A Comparison of Plutarch's The Lives of the Ancient Grecians and Romans and Shakespeare's Julius Caesar

When closely evaluating the two texts: Plutarch's The Lives of the Ancient Grecians and Romans and Shakespeare's Julius Caesar, there are stark differences of the theme and characters. While Plutarch's text is mostly informative, as describing a series of historical events, Shakespeare incorporates a wide variety of dramatic conventions as well as changing many events to entertain an audience. It is important to note that Shakespeare's play was based on Plutarch's text, which is why many of the differences are because of Shakespeare's revision. Shakespeare changes the tone of many important characters such as Marcus Brutus and Mark Antony. He also adds details to make the storyline heroic and inspiring. Plutarch's text is a third-person view on the events, with little explanation of people's opinions and thoughts.

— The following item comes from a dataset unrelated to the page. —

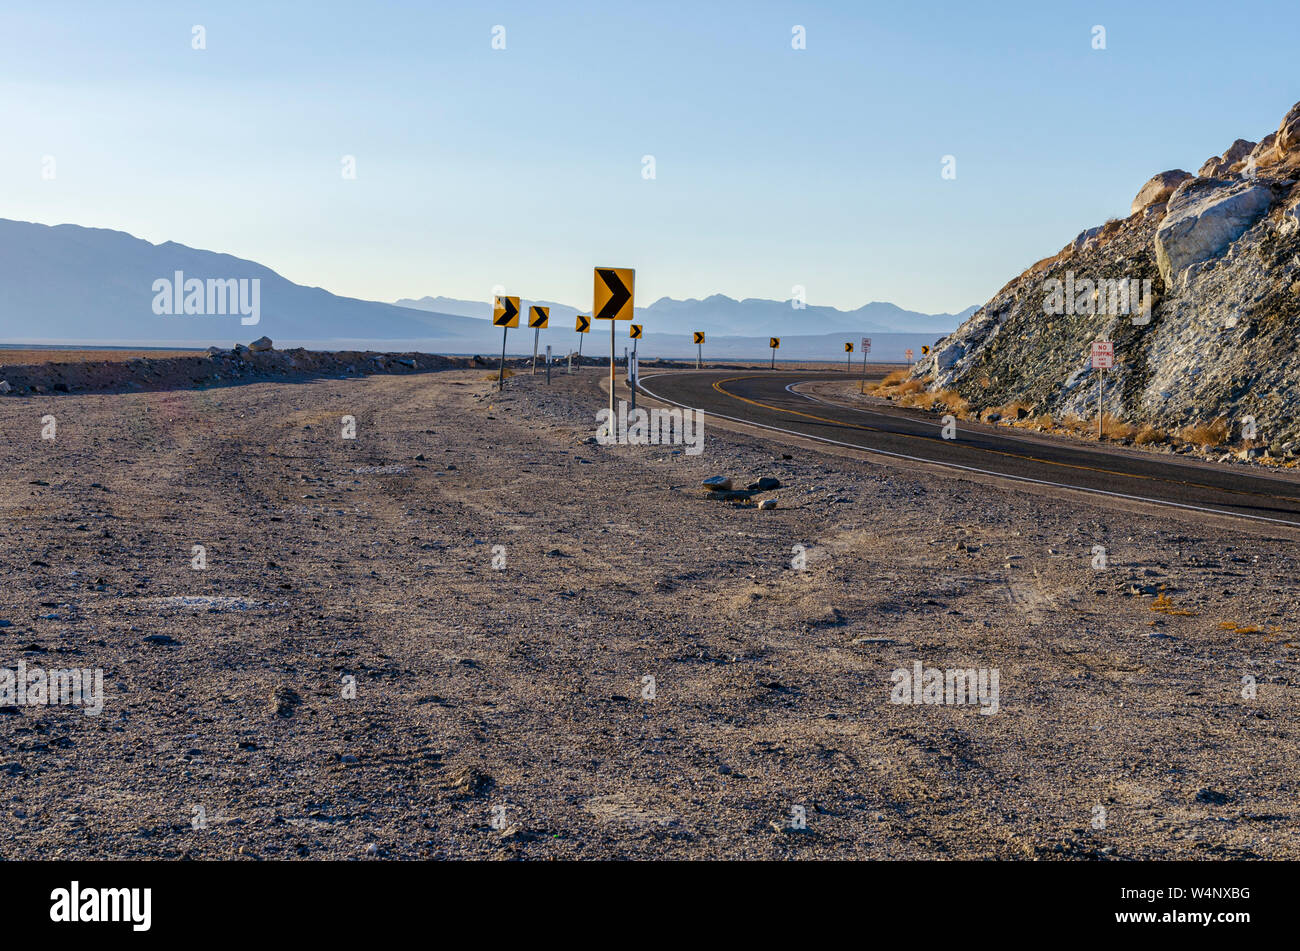 Desert route tournant autour de paroi rocheuse avec ciel voilé au-delà des montagnes du désert. La signalisation routière indiquant une route en courbe. Banque D'Images

Plutarch describes Brutus as merely one of the conspirators that took a little persuading. After Brutus joined the conspiracy, he rapidly gained control. In the play, although Brutus lead the conspiracy, his character goes in deeper. Shakespeare writes about how Cassius forged letters complaining of Caesar, and of the midnight meetings that took place in order to win over Brutus. Shakespeare writes of Brutus's constant pangs of regret after he joined the conspiracy and after he took part in Caesar's assassination. "[Brutus] was the noblest Roman of them all: all the conspirators save only he did that they did in envy of great Caesar." (Shakespeare 5.5.69-71). Overall, Plutarch's tone about Brutus is opposite of Julius Caesar compared to Shakespeare's passionate tone about Brutus's honor and love for Rome.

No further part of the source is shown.